**DATASET CONTENT:**

┌──

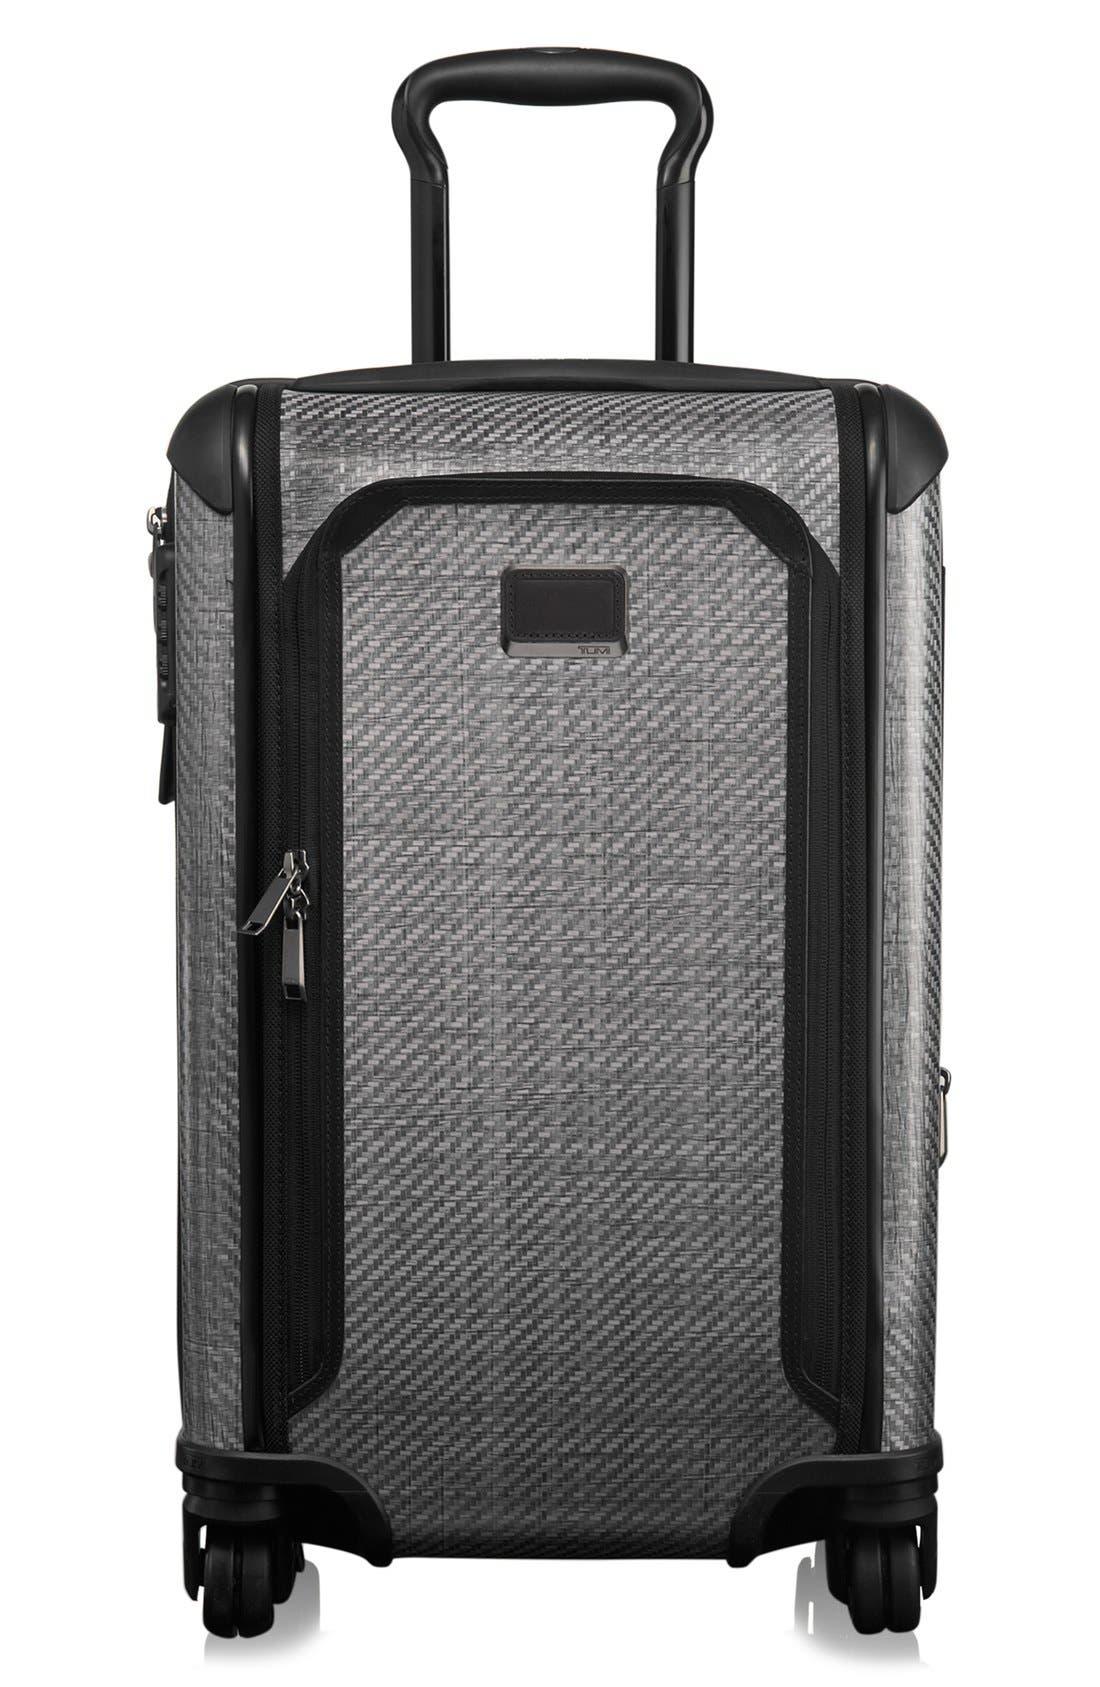 TUMI Tegra-Lite<sup>™</sup> Max International Expandable Carry-On
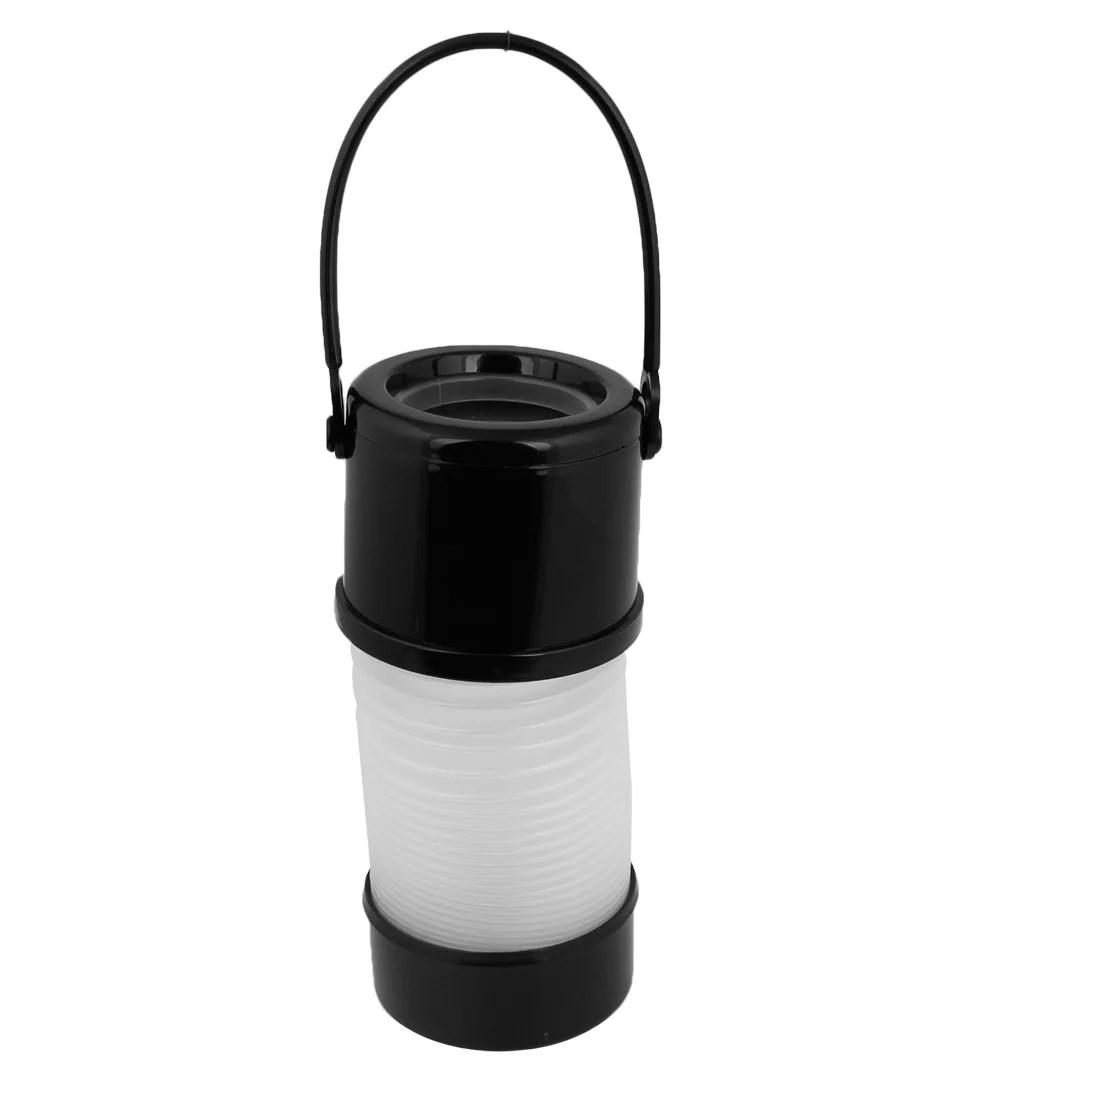 Black Foldable Contractible Bucket Umbrella Holder for Car
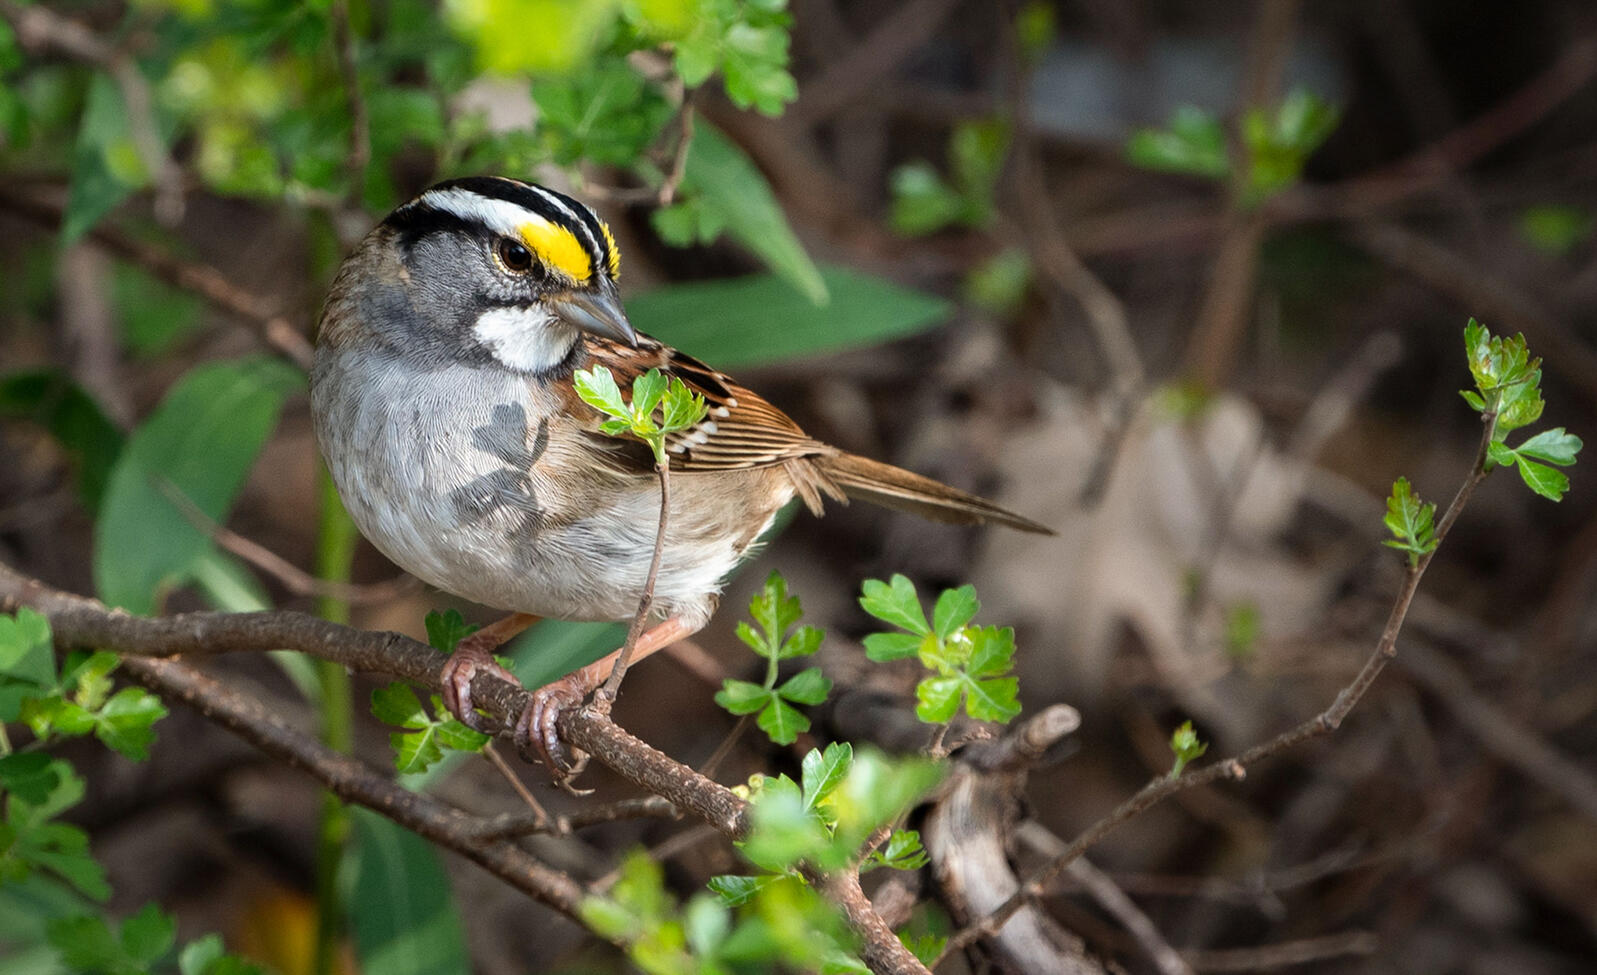 White-throated Sparrow. Tim Harris/Audubon Photography Awards

└──

**WHAT TO DO:** Restate the data above word for word. Skip every picture.

**ANSWER SPACE:**
 TUMI Tegra-Lite<sup>™</sup> Max International Expandable Carry-On
 Black Foldable Contractible Bucket Umbrella Holder for Car
 White-throated Sparrow. Tim Harris/Audubon Photography Awards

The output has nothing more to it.